The program supports several shortcuts to improve the users work-flow. Often a user wants to add a new property at the bottom of the mapping but drag-and-drop the appropriate element from the template widget to the mapping widget is forbidden by the build-in nesting rules. For example a PropertyMapping node cannot be dropped on the last PropertyMapping node because this would result in an improper nesting of templates. To avoid the situation where a user has to scroll to the mappings node on top of the mapping widget to drop the PropertyMapping node the program offers a shortcut to copy a node and attach it to the end of the mapping - this can be achieved by pressing the Shift key while clicking on a node with the mouse. This works for most of the available nodes. The same result can be achieved by using the context menu on a node and choose the menu item copy node. Furthermore the program has shortcuts for deleting nodes (Ctrl + click) and validating subtrees (Alt + click).

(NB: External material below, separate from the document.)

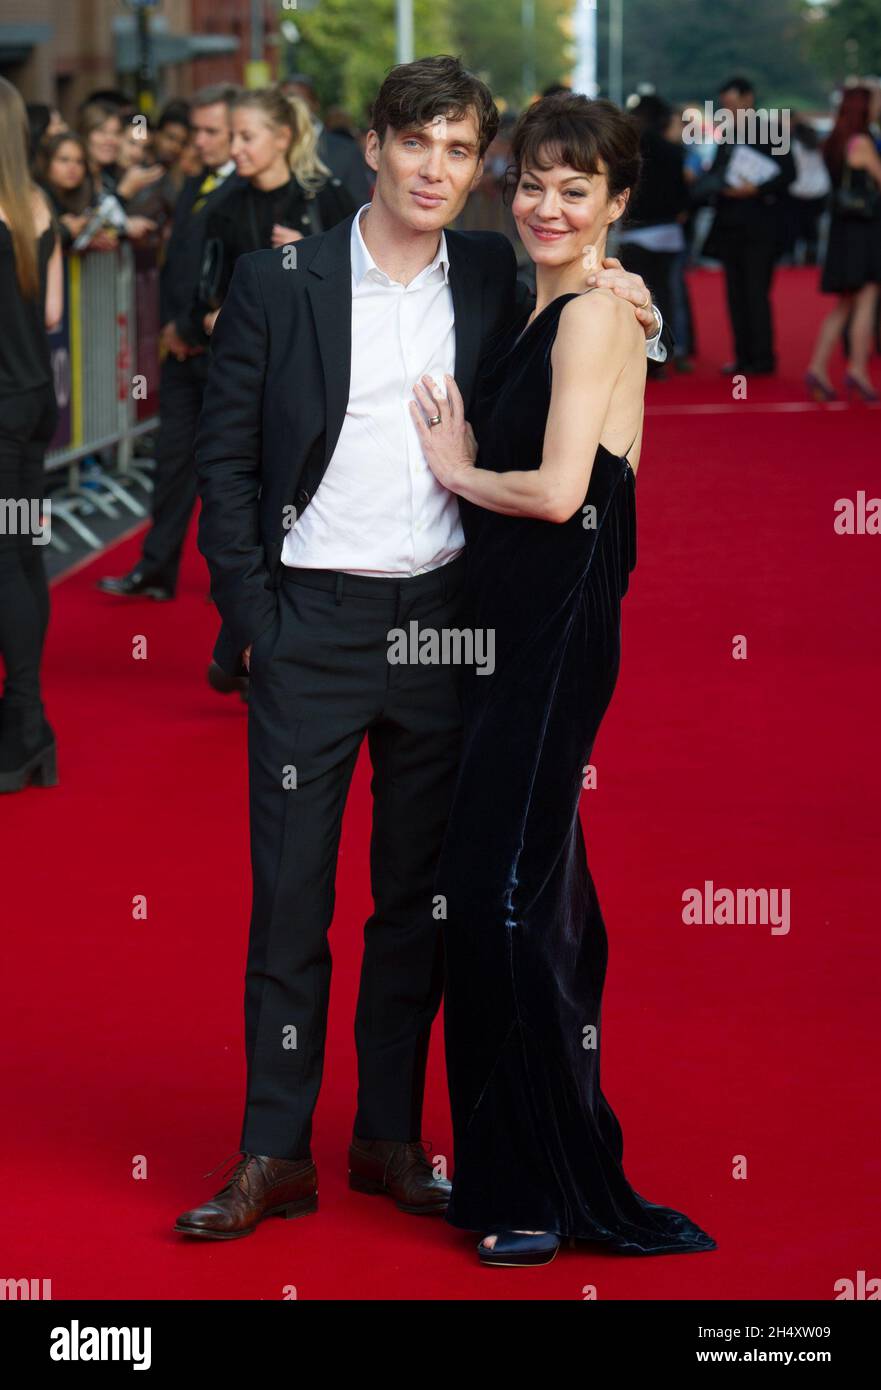 Cillian Murphy and Helen McCrory attending the world premiere screening of the first episode of the new series Peaky Blinders at Cineworld Broad Street in Birmingham on Sunday 21st September Stock Photo

Fetching Wikipedia articles using a specific template

While mapping a Wikipedia template property to the corresponding ontology property identifying the meaning of a label or to find the matching ontology property is sometimes difficult. Therefore the user has to check which values are typically assigned to the template property when it is used in Wikipedia articles. This can be time consuming, especially when the found article does not use the ambiguous template property. To improve the process of finding a Wikipedia article which uses the currently mapped template the user has the ability to use the examples feature. The program offers five random example Wikipedia articles which use the specific template from a set of the first 100 offered by the Wikipedia API. The feature can be accessed by clicking the button with the label examples in the Wikipedia property widget.

Synchronizing the ontology

To synchronize the underlying ontology of the mapping tool with the dataset from DBpedia a user can use the synchronize button on the left side of the menu bar. This feature requires a password to prevent an abusive usage of this operation which could at worst exceed the server and database capacity by generating the database representation of the ontology over and over. The most time consuming part of this operation is querying the API of the DBpedia MediaWiki for all necessary information. Depending on the configuration the tool also supports caching for this operation which supersedes the HTTP request to DBpedia as a consequence of this users have to invalidate the cache before synchronizing the ontology.

Cache invalidation

Cache invalidation is always required when a user changes the configuration of the tool to force a reload of the settings. Besides it can be necessary when the ontology has to be regenerated from the DBpedia source, as the tool is able to cache the API results of DBpedia for a fixed time period defined in the tools config/config.ini.